On the first night of the Oregon Burlesque Festival, performer Eva D'Luscious takes the stage for a high heel shoe-themed solo act on Sept. 20, 2024.

Mia Estrada / OPB

THANKS TO OUR SPONSOR:

On a warm Friday night in September, a crowd gathered in Northeast Portland’s Alberta Rose Theater. Old friends hugged and greeted each other, the din of laughter and big band tunes mixed with ice clinking into glasses at the bar. Tables and racks displayed sparkly apparel for sale in the lobby. Gradually the audience settled into the theater as a recorded voice played over ’70s music:

”Good evening, and welcome to the Oregon Burlesque Festival. We invite you to make your way to your seats, as the show is about to begin…”

The annual event started in 2013, after the sultry, centuries-old art form saw a modern revival in the Pacific Northwest. This year, the festival presented a two-night showcase of local and visiting burlesque performers, or as the organizers put it, “tempting teases from the best of the Northwest and beyond!”

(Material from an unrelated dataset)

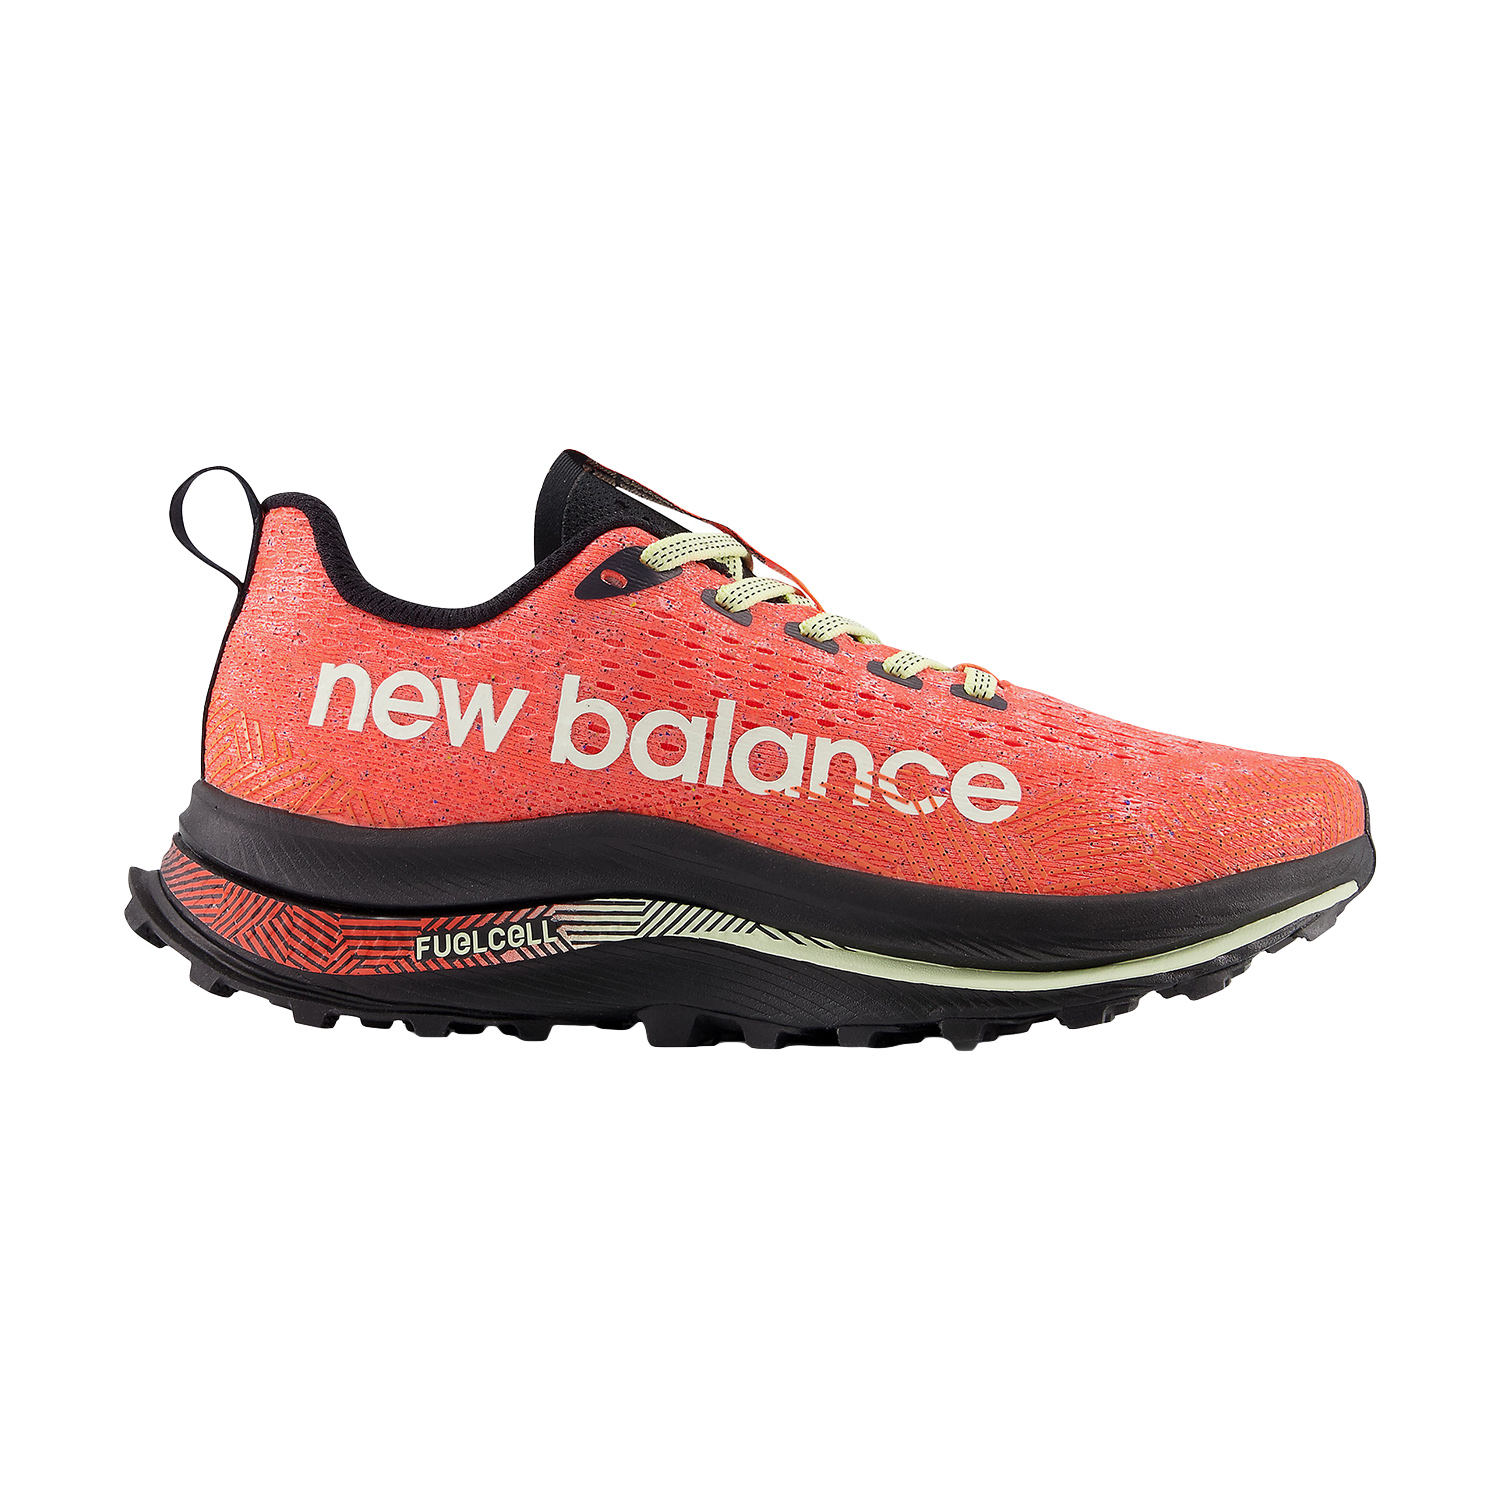 NEW BALANCE FUELCELL SUPERCOMP TRAIL trailrunning mujer en MisterRunning

”There’s diversity in the bodies that are on stage, in the gender representations, in the types of burlesque that are on stage,” said Eva D’Luscious, one of the dancers on the night’s line-up. “it’s just awesome to see people from all areas, all walks of life, all bodies, sizes, shapes, skin colors, doing their thing.”

Eva has been performing burlesque for almost fifteen years. Today, she also teaches burlesque and other dance at her Portland studio, Body Magick Temple.

“I am the Body Magick Temple High Priestess of Tease. And what I do is help people step into their confidence through dance,” she said. “It’s all about loving yourself, connecting with who you are and feeling good about you right now.”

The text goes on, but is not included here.